Clark grimaced. "So unless I want to endanger myself and them, I can only be close with people who are okay with being lied to."

Martha's eyes fell closed. She knew that wasn't what Jonathan had meant, but it was too close to the truth for her to deny.

"Come here." Martha took his arm and stood beside him, and waited for him to stand as well. She wrapped her arms around him and held him close.

"I miss Lex," he whispered.

"Me too, baby." She rubbed his back, aware of the irony of the endearment, considering he was towering over her.

He let go after a minute and stepped back. "I have to catch up on homework. I'll be in the loft," he said.

"Okay," Jonathan said. "And son?"

Clark looked up at him.

"You're not alone. You will always have us."

Clark half smiled. "Thanks, Dad." He left through the side door.

Martha turned to Jonathan, who was still seated at the table. "I feel like I have no idea what I'm doing."

Jonathan rubbed the back of his neck. "This kind of parenting is a bit over both of our heads."

"I feel like we've failed both our kids."

Jonathan's brow furrowed. "Martha . . ."

"Clark's brokenhearted. And I don't think Lex is going to come back."

"You don't know that."

"I broke my promise to him." Her voice cracked.

"I heard the promise you made," Jonathan said. "You said you'd be there to pick up the pieces. You were there for him for as long as he let you."

"I promised I'd never let him fall." Her eyes stung, for what felt like the millionth time in the past month. "I promised I'd never let the darkness take him over."

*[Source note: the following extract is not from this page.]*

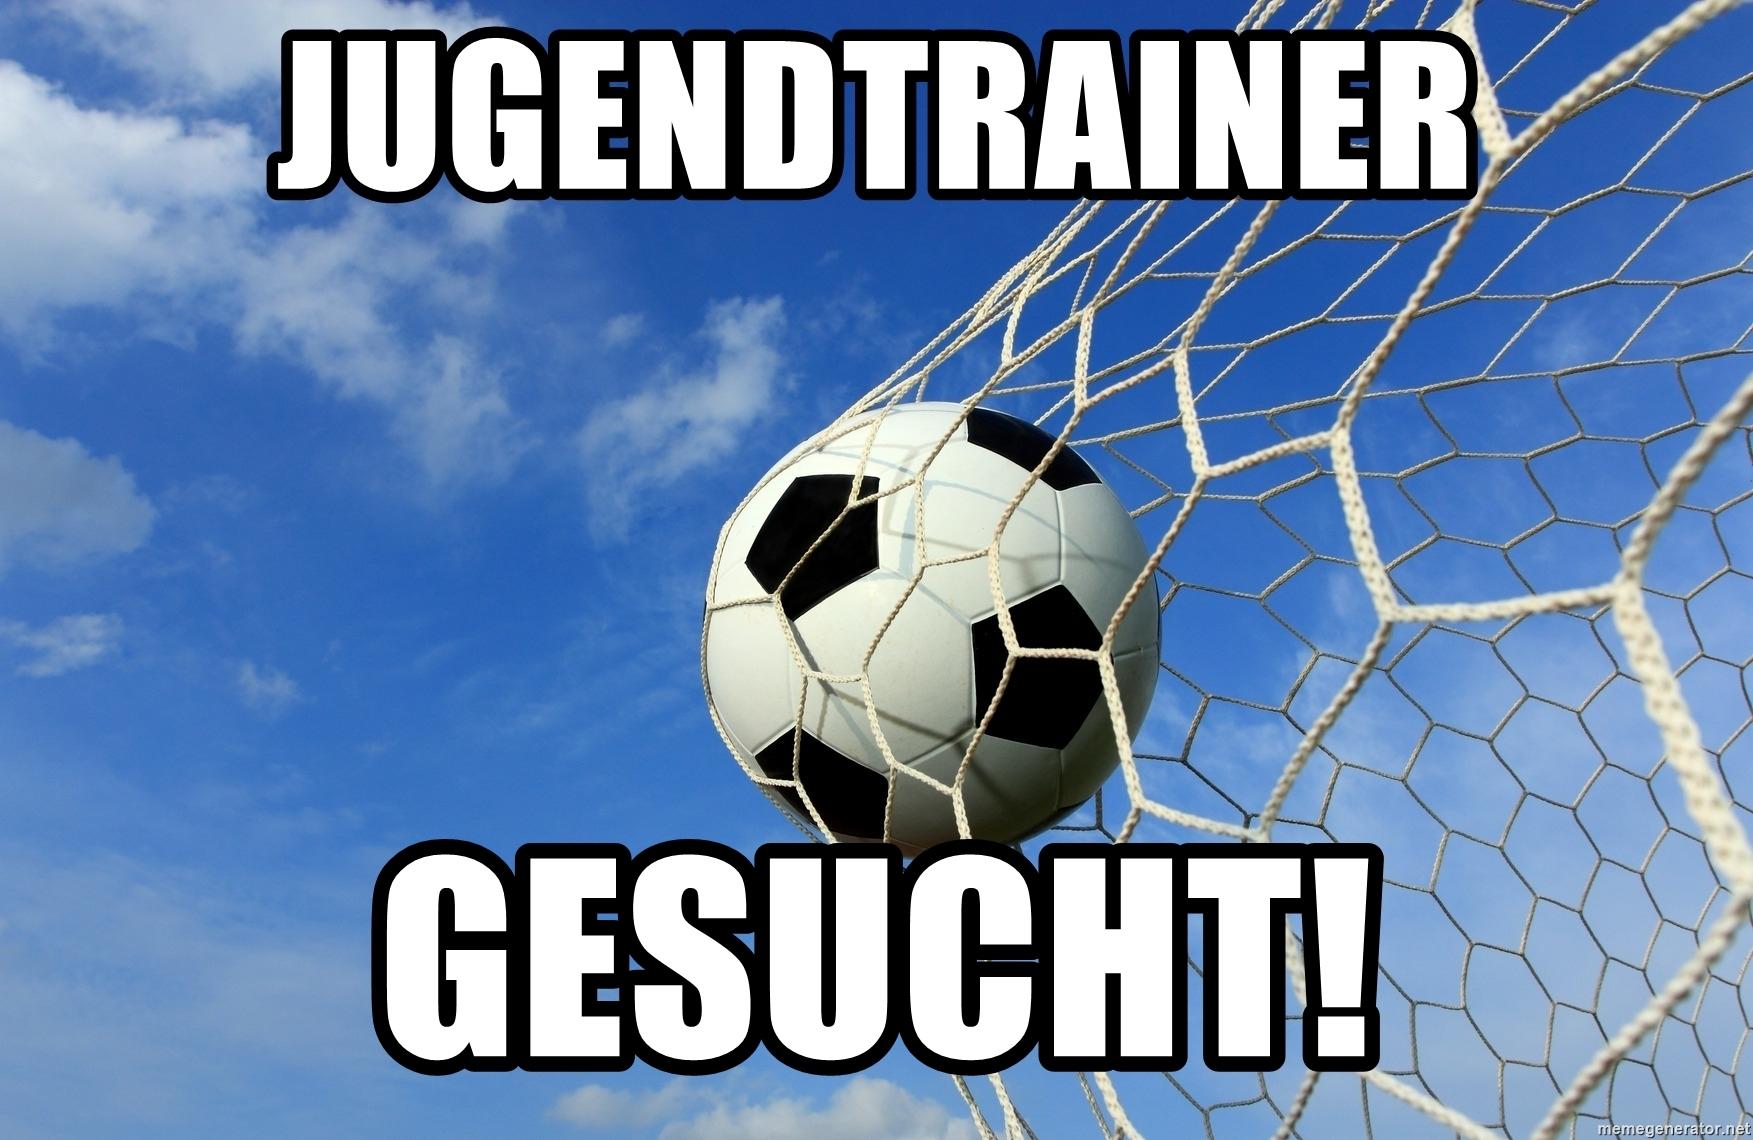 Jugendtrainer Fußball in Witten gesucht

"You don't know that it has, sweetheart."

"It's been almost two months. And he almost killed someone today."

Jonathan's face was blank. "We tried. We did everything we could do."

She shook her head over and over. She hadn't promised she would try. She'd promised she would save him.

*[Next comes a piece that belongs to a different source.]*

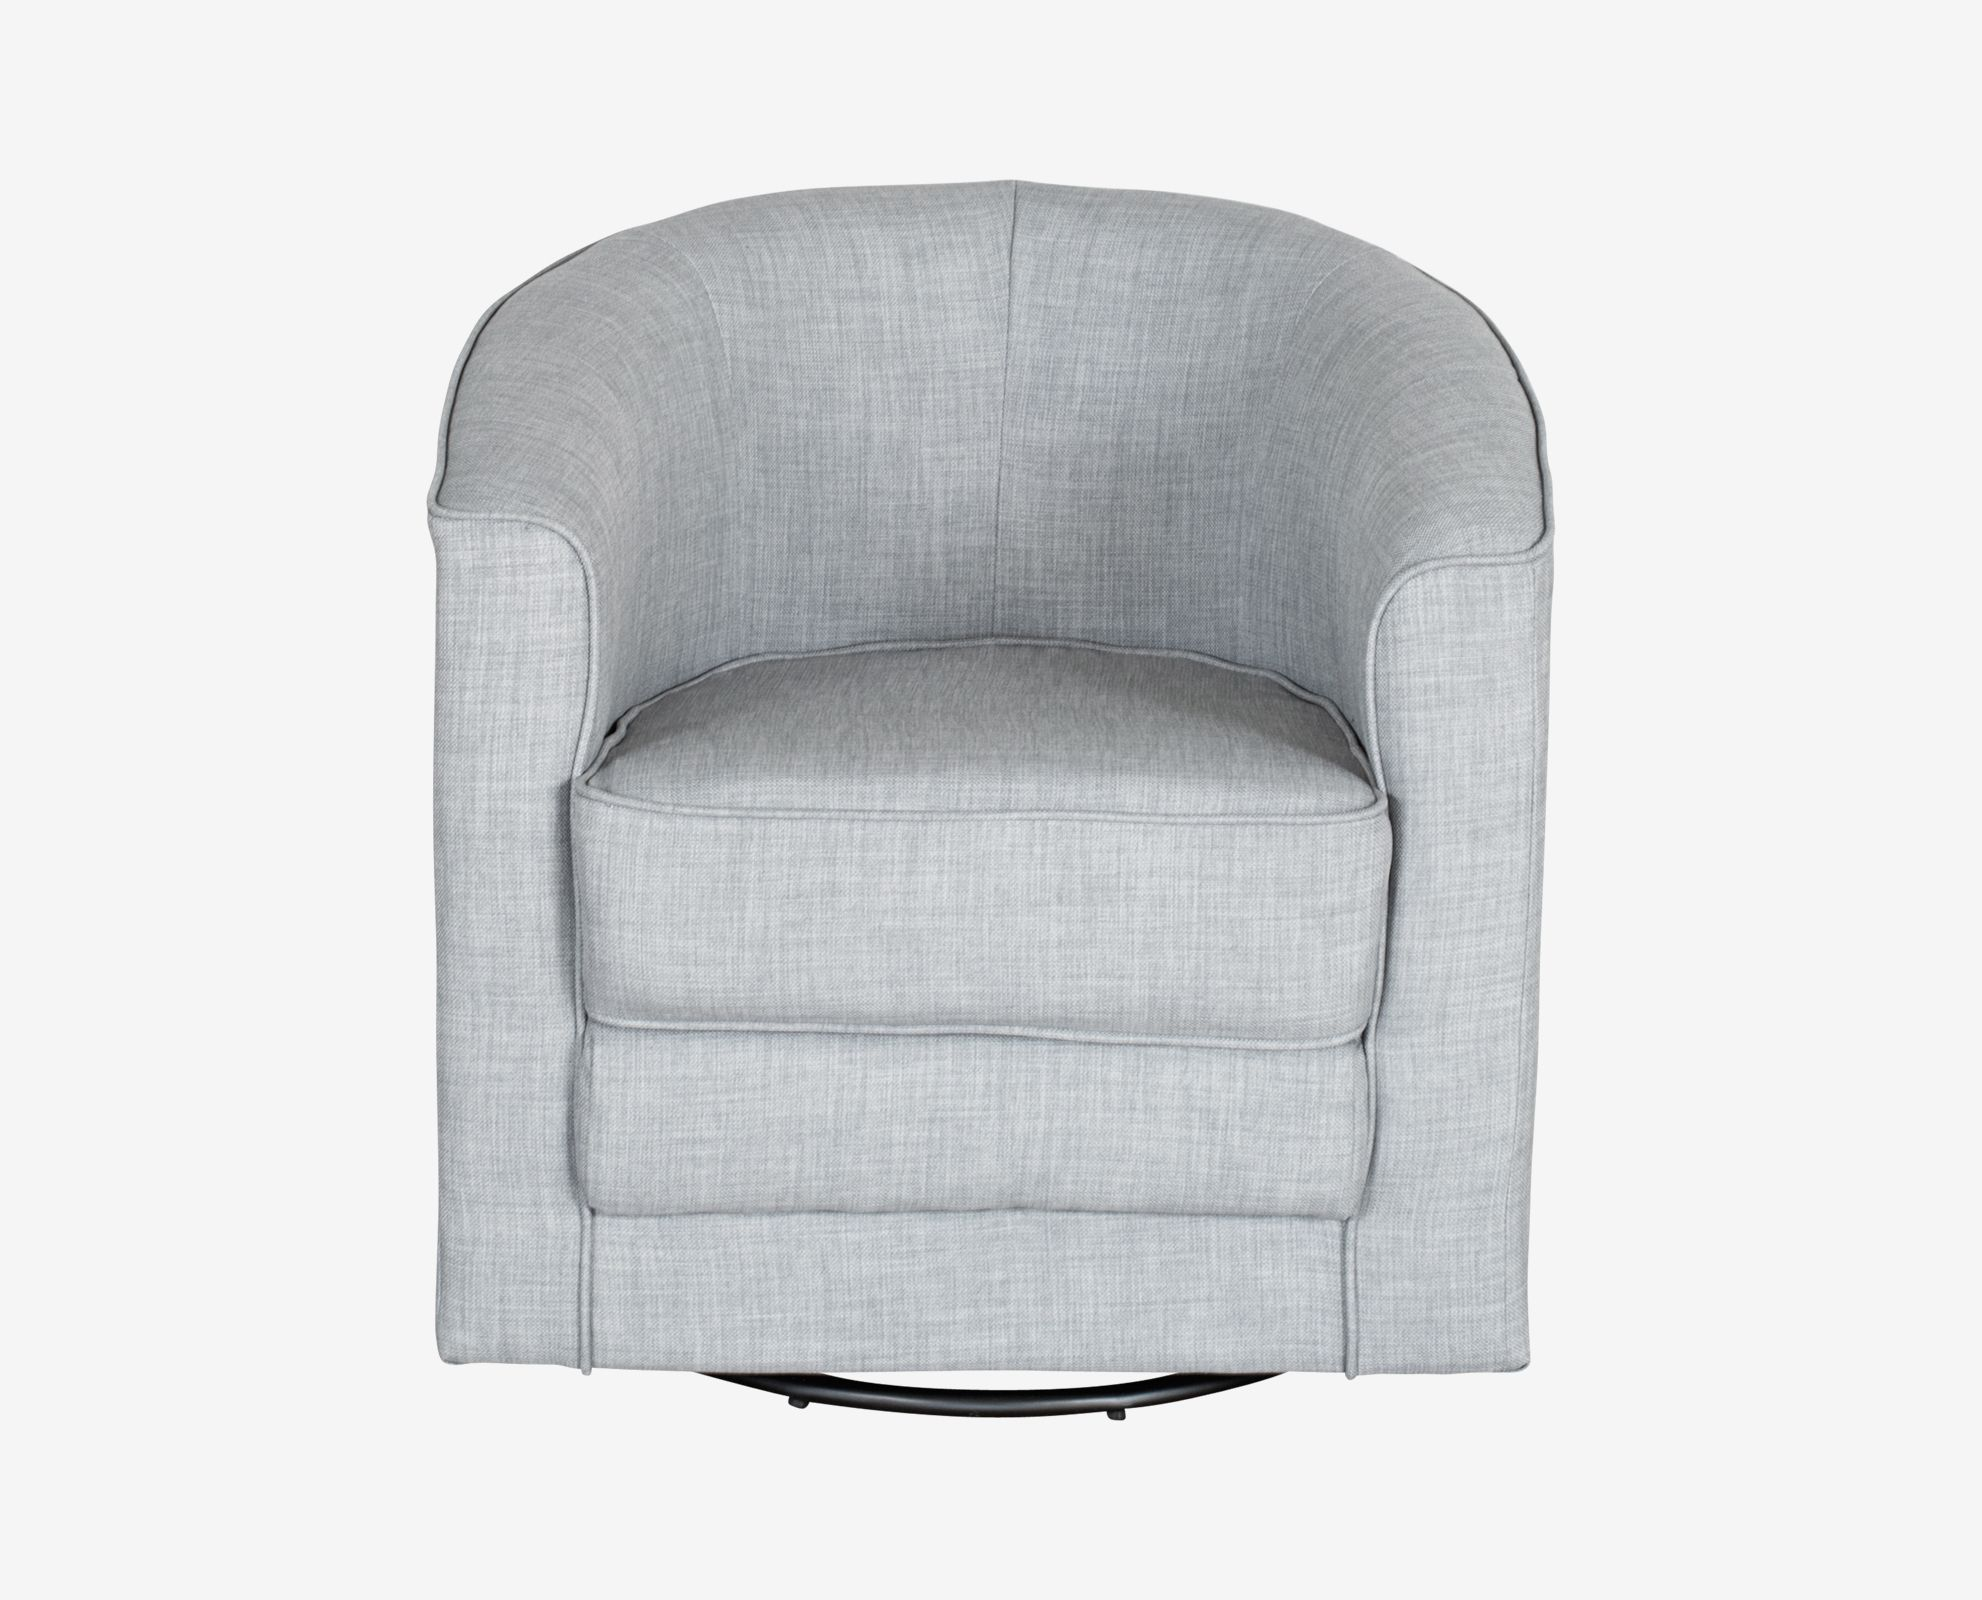 Theva Swivel Chair | HGH | Pinterest | Swivel chair, Living rooms ...

"You were right, Jonathan," Martha said. "You were right all along."

He looked up at her, eyebrows raised.

"He needed more help than we could give. Why did we think we could help him?"

His jaw tensed.

"He's not coming back, Jonathan. We failed."

Something shifted in Jonathan's eyes. He stood suddenly, grabbing the fruit basket from the center of the table and throwing it across the room, where apples and oranges flew.

"Jonathan!"

"He's going to come home, Martha, he has to."

Martha's breath caught.

"You loved that kid. Heck, I loved him."

"We were never going to be able to save him. We were always bound to hurt ourselves trying."

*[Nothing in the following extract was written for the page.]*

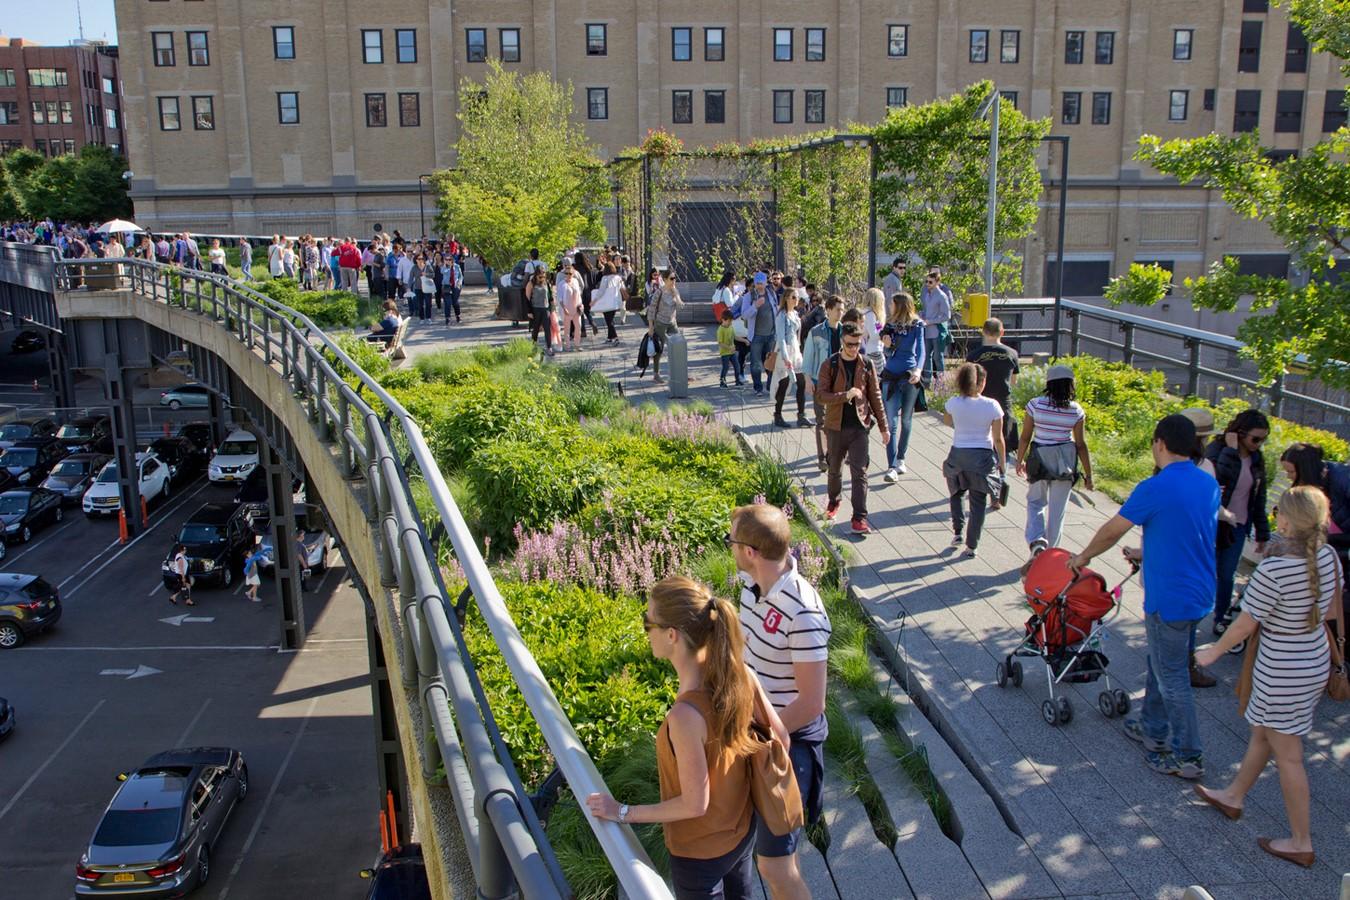 Urban regeneration through public space - Sheet2

"I don't care!" He threw aside a chair, which clattered to the floor. "If we even bought him a couple of weeks, that was worth . . . any amount of pain . . ." Jonathan paced, running his hands through his hair.

Martha hadn't seem him this angry and violent since he found the watch Lionel had given her. That time, she'd been scared of him. Right now, she felt like she'd never loved him more.

"He was our son, he . . ." Jonathan came to a stop at the table and rested both hands on it, breathing hard.

Her head hung, and warm tears slid down her face.

"Can't we force him? We'd never let Clark avoid us for this long. We'd go after him with green kryptonite."

She shook her head. "Clark's still a kid. Lex is an adult."

"But . . ." Jonathan rubbed his face. "They're both our sons."

"I know."

His eyes shone. "I want my son back, Martha."

"I know." Slowly, hesitantly, Martha stepped into his arms and buried her face in his chest. "I know."